▶ [TASK OBJECTIVE] Using the entries that follow, transcribe only the lines from the line with "Daumen drücken für" to the line with "Manebi’ Uomo Espadrilles", both included, exactly as they stand and without pictures.
DATA PROVIDED section start
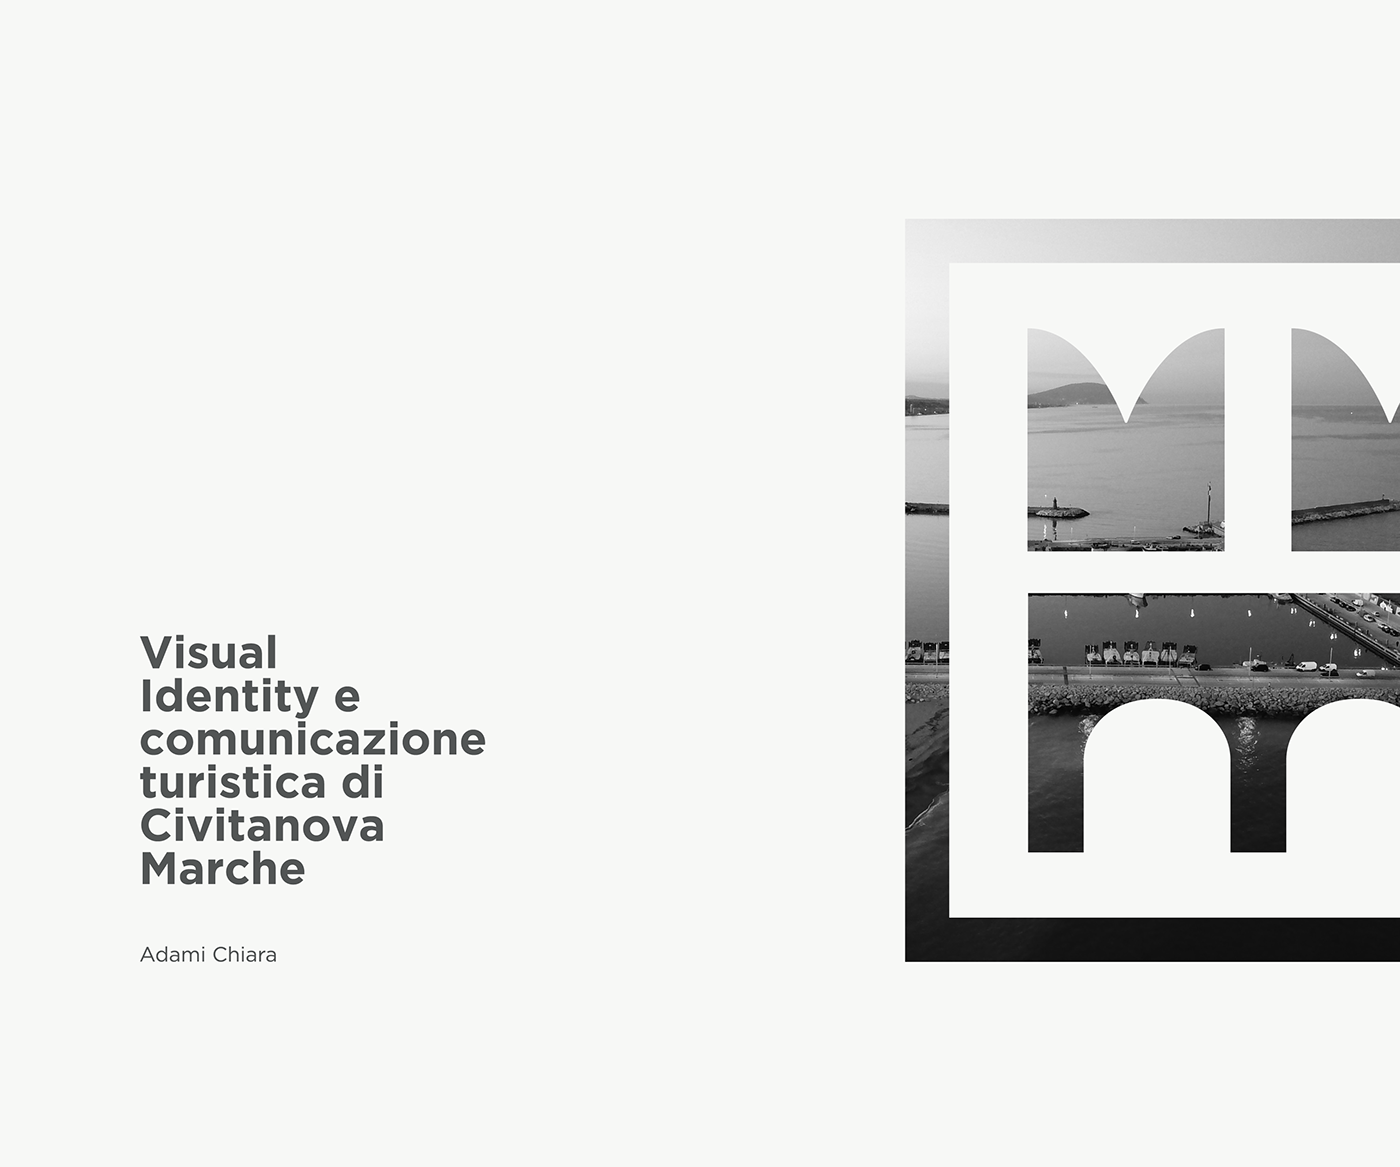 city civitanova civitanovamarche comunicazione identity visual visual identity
DATA PROVIDED section end
DATA PROVIDED section start
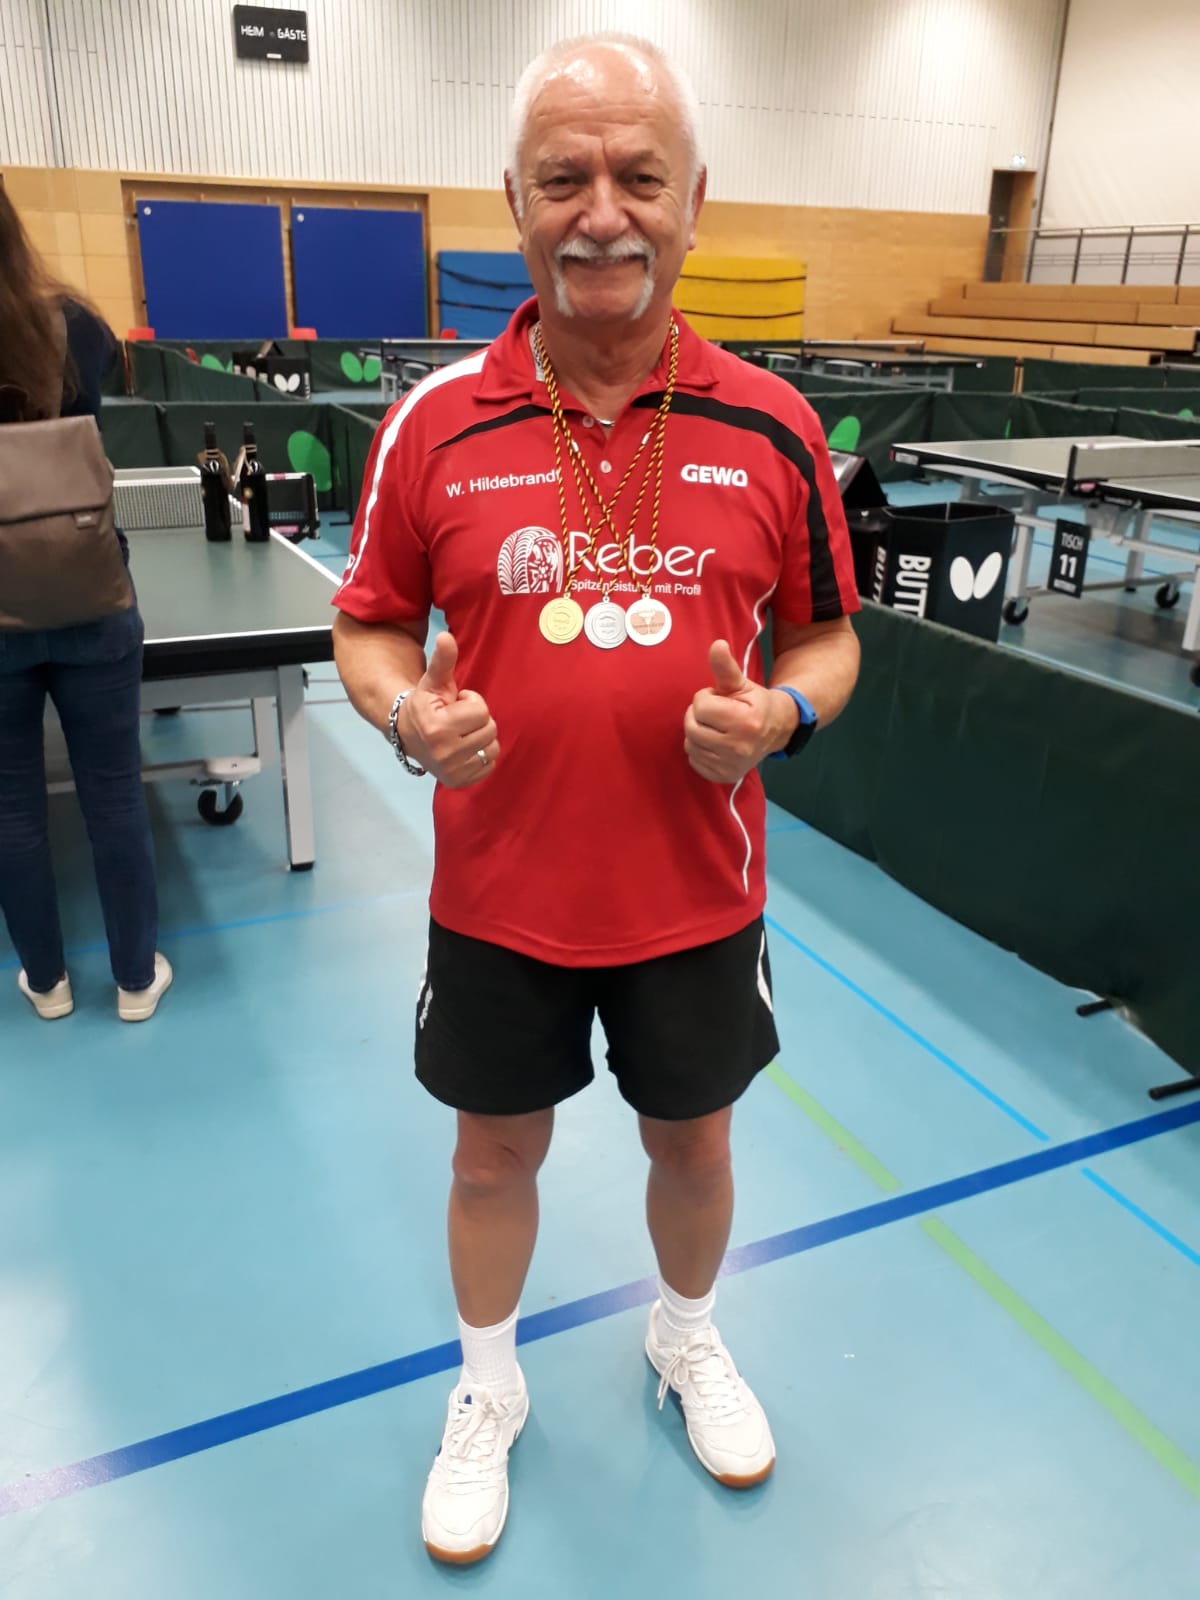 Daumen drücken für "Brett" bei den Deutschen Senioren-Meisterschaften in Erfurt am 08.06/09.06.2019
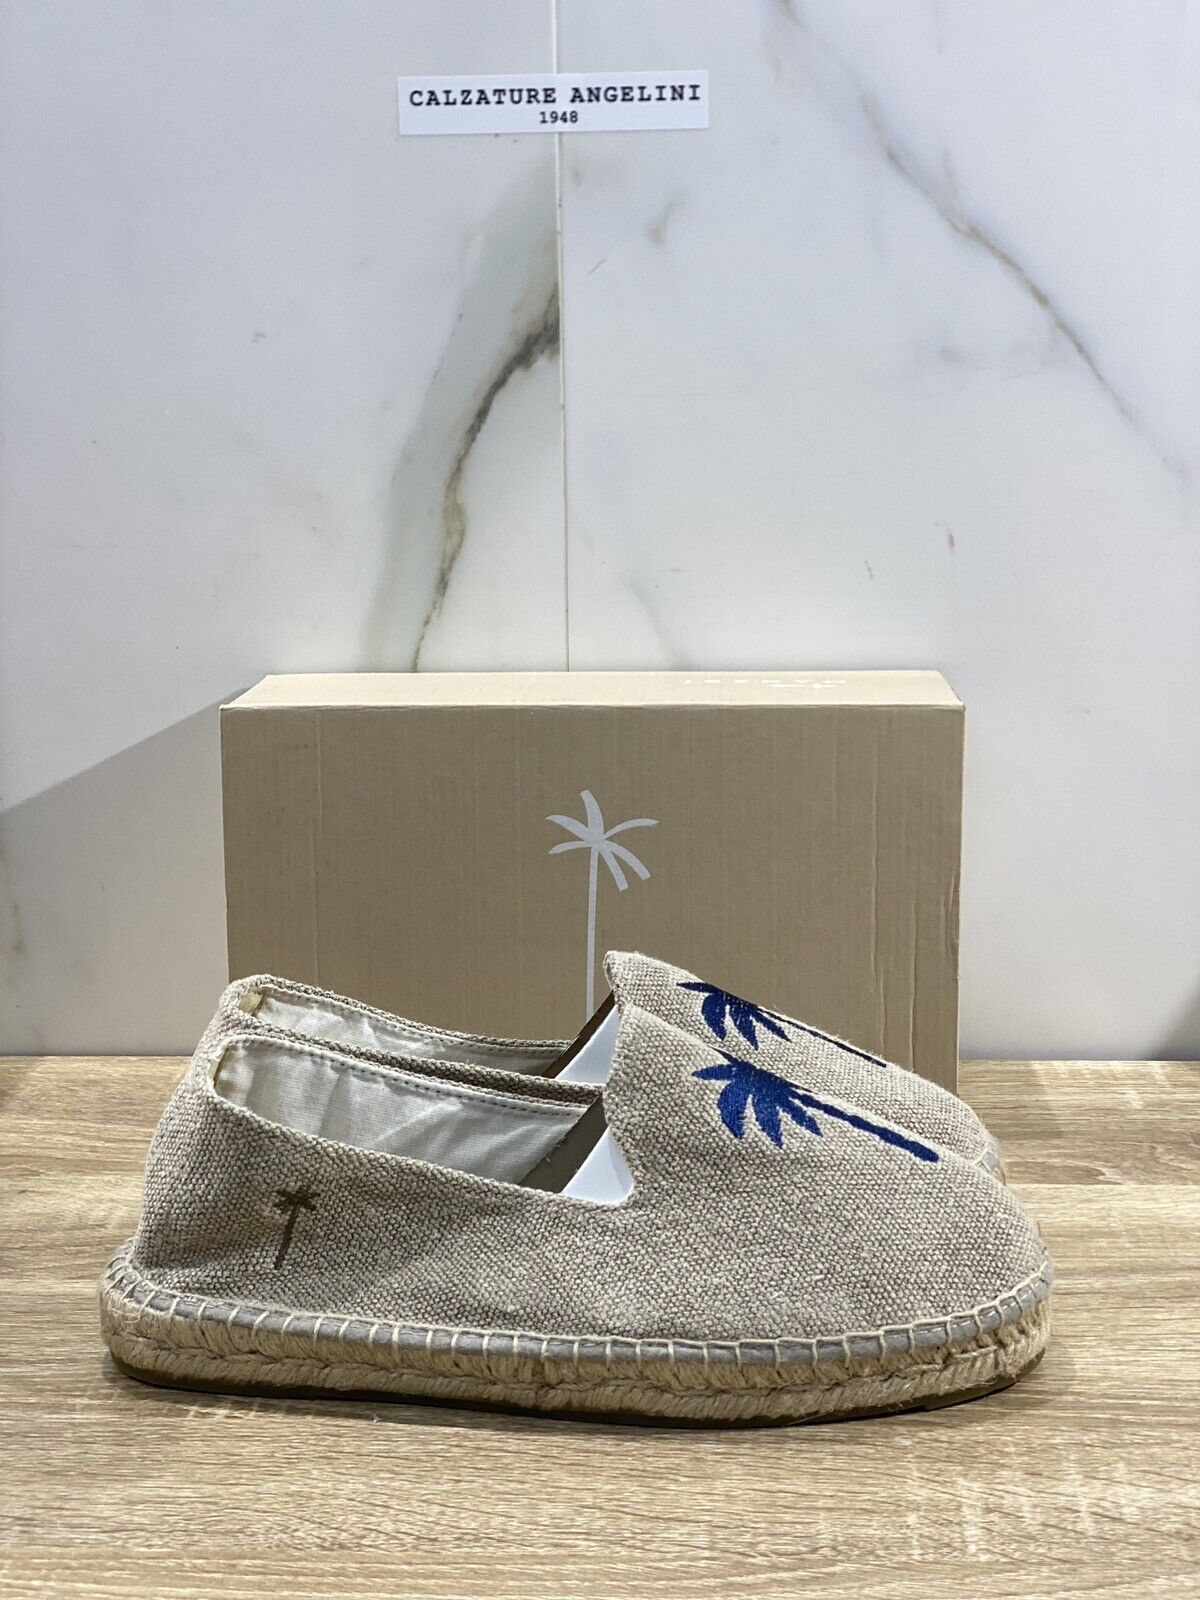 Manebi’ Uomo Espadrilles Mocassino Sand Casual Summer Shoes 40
DATA PROVIDED section end
▶ [TASK ANSWER]
 Daumen drücken für "Brett" bei den Deutschen Senioren-Meisterschaften in Erfurt am 08.06/09.06.2019
 Manebi’ Uomo Espadrilles Mocassino Sand Casual Summer Shoes 40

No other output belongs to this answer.